Looking for a new, fun way to get fit this summer? Let’s face it, it’s too hot to go running outside, and running isn’t that fun anyway. Instead of pounding the pavement or swinging weights in the gym, hit the pool to get in shape. Sure, it may sound like more of a leisure activity than an intense workout, but swimming has proven to be an effective way to get fit, lose weight and improve your health. So, slip on your swimsuit, tighten up your goggles and jump in with these three pool workouts.

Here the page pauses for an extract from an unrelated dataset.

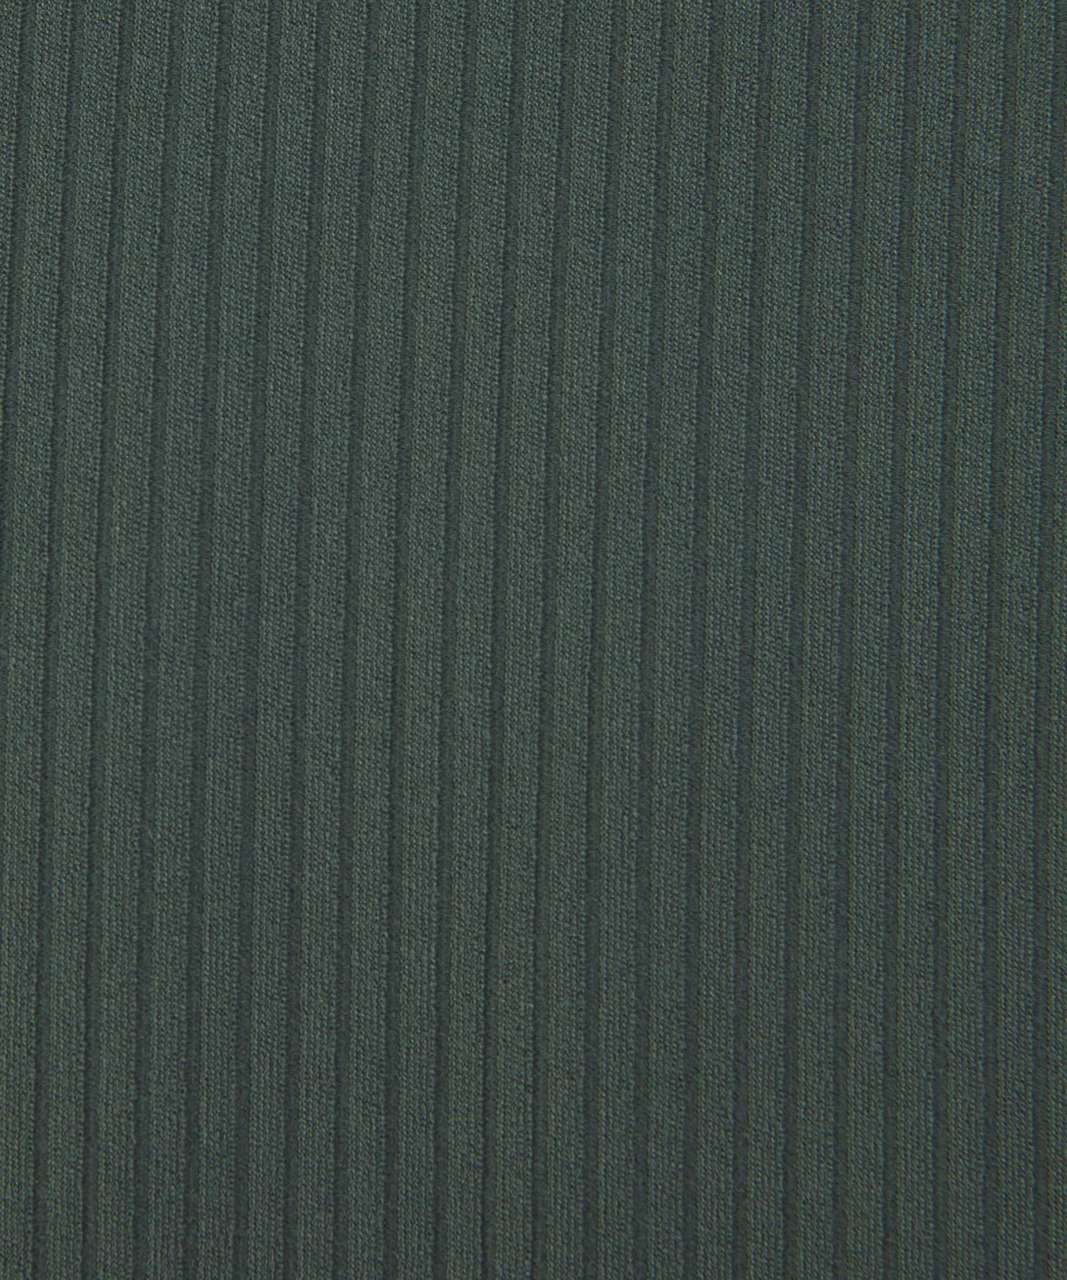 lululemon lululemon Align™ Ribbed Mini-Flared Pant Extra Short $128.00

Benefits of Pool Fitness Exercises
Swimming is a great form of exercise, whatever your age and athletic ability. Regular swimming can boost your mood and keep your weight under control while reducing the risk of heart disease, Type 2 diabetes, and stroke. For people with chronic illness, like arthritis, for example, swimming helps to improve the affected joints and is a method of exercise that doesn’t worsen the symptoms. Water-based exercises can also improve bone health in postmenopausal women and women who swim while pregnant can also benefit from the activity, mentally and physically, according to the Centers for Disease Control and Prevention (CDC). And, swimming might just make you a better exerciser in general. The CDC reports that people who regularly take part in aquatic exercise work out more often on land.
Laps - Without the Track
With a pool noodle or kickboard in hand, practice your kicking and propel yourself from end to end of your pool. There are a few different types of methods of kicks for you to try, including flutter, dolphin and the breaststroke. This activity is great for beginners dipping their toe into the world of aquatic exercise and it feels more like fun than a hardcore calorie-burning workout.
Beach Ball Workout
OK, so maybe aquatic exercise is all fun and games. For this exercise, you’ll need an inflated beach ball, the bigger the ball, the harder the workout — keep that in mind. Begin by floating facedown, arms stretched out in front of you with the beach ball in your hands, with your feet together and legs extended. While keeping your arms straight, draw in the ball as fast as you can into your hips. This movement will push you above the water, allowing you to take a breath. Don’t worry, beginners, you can keep your head above water during your first few sets of reps. When the ball reaches your thigh area, bend at the elbows and bring it back up to the surface, returning to the start position. Try it out for 30 seconds. This pool workout targets your abs, triceps, back and shoulders.
Pool Push Ups
Use your pool stairs for this in-water exercise. Begin in the plank position, on the steps in the shallow end of your pool. Place your hands on the top step and your feet and toes on the floor of the pool. At a slow pace, bend your elbows down as far as you can manage without getting your face wet. Straighten out your elbows and repeat. You can do two to three sets of 15 push ups, increasing your reps as you master the move.